I am exhausted of treading in Christianity. What am I to do when my sometimes-uncomfortable questions about God, the Bible, and Christianity’s foundations are received with disinterest at best and disgust at worst? They make me feel that I am at fault for having the questions; I am at fault for refusing to accept anything blindly.
"A person who is fanatic in matters of religion, and clings to certain ideas about the nature of God and the universe, becomes a person who has no faith at all. Instead they are holding tight. But the attitude of faith is to let go, and become open to truth, whatever it might turn out to be."
-- Alan Watts
Coming into Clemson, I was so frustrated with the church and Christianity and my own failure as a Christian that I had this 'attitude of faith' which wanted the truth - the truth at any cost. I suppose this attitude is what separated me from most Christians, and what very likely separates me from most people.
I now find myself in an odd place: I see the beauty and the darkness of Christianity... of religion.
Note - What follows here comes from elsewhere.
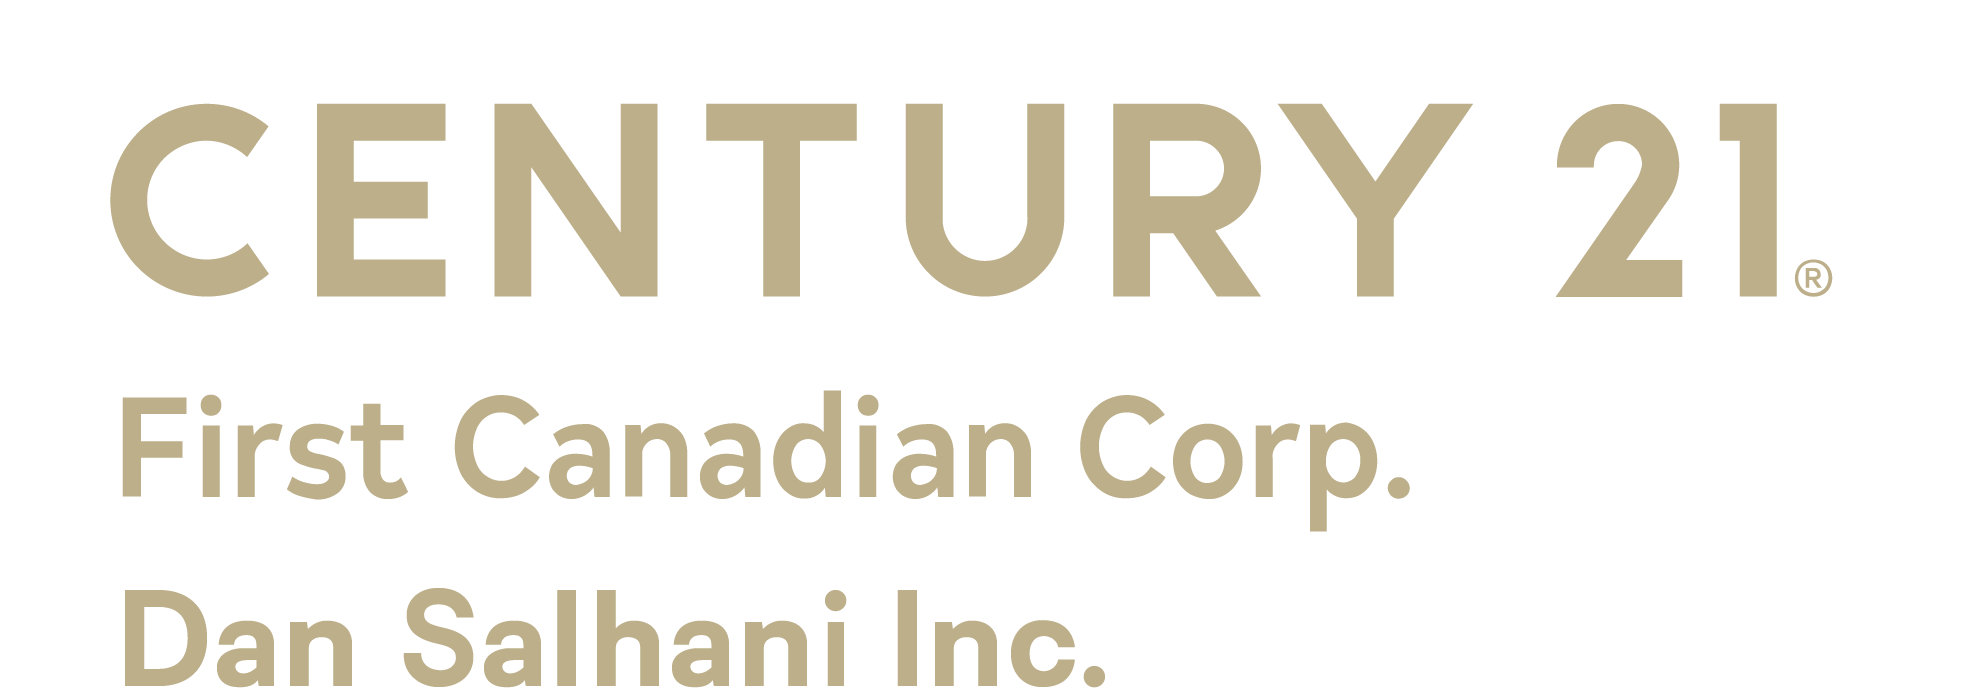 Century 21 First Canadian Corp. Dan Salhani Inc.

For a moment, the beauty overwhelmed me as it once had and I was filled with a desire to return to normalcy. I had strayed so far from everything and everyone that I once knew and loved… and I wanted to return. I wanted to be normal again. And so I was, for a short while.
But I know I’m done with that life now. I thought I could go back, I thought I did go back. I suppose its no surprise though, I’ve been wrong about plenty of things before!
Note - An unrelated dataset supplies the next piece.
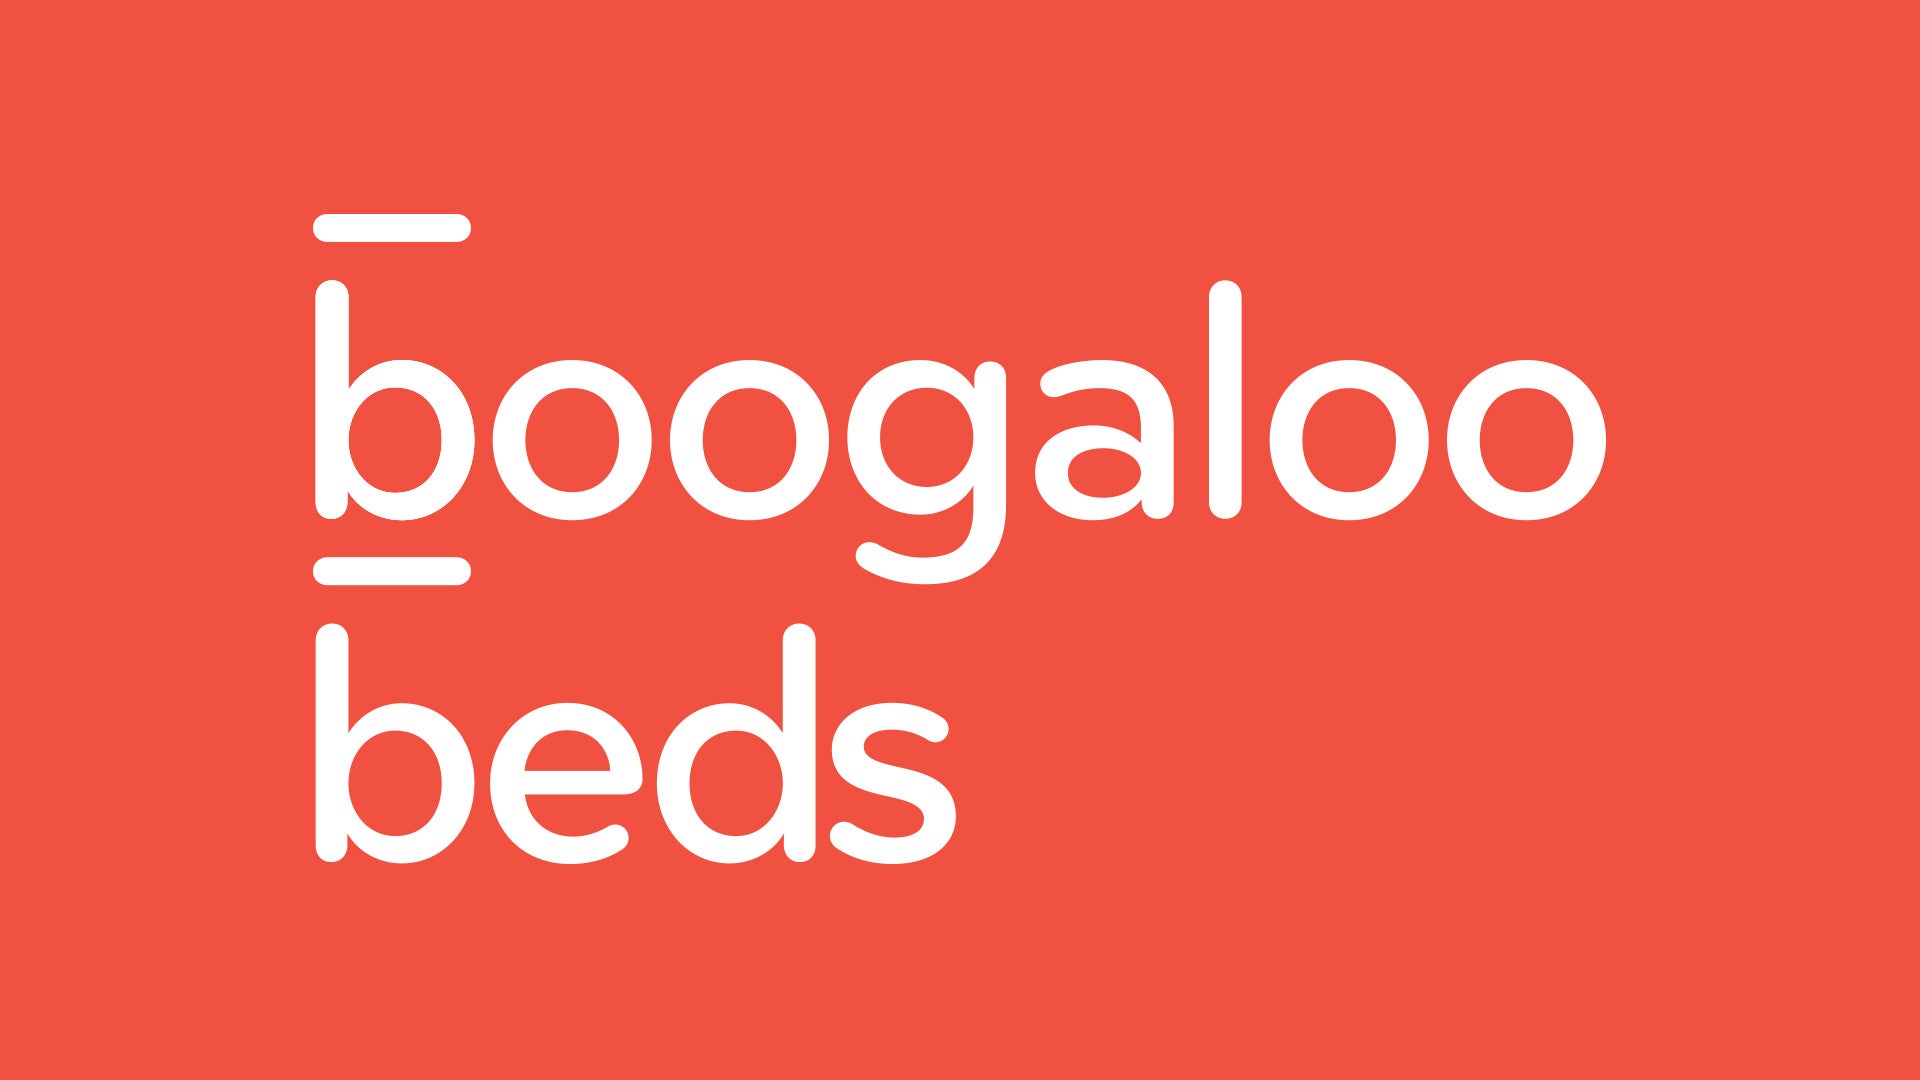 Boogaloo beds logo

I find myself exasperated with close-mindedness. Any idea that is different is labeled heretical and obviously wrong. Eleanor Roosevelt said, "Great minds discuss ideas; average minds discuss events; small minds discuss people." I have been relegated to the latter two with almost all of my Christian friends - and for someone who longs for depth, that is a relationship's death knell! We no longer have a connection point because they don't want to discuss ideas or entertain thoughts that are different than their own. But I find that talking with someone who has different ideas and thoughts (and has thought through things to come to those ideas and thoughts) is quite engrossing.
Please, don't be afraid of me - I mean no harm. I wouldn't ask the questions if I didn't think they were important.
“Being religious means asking passionately the question of the meaning of our existence and being willing to receive answers, even if the answers hurt.”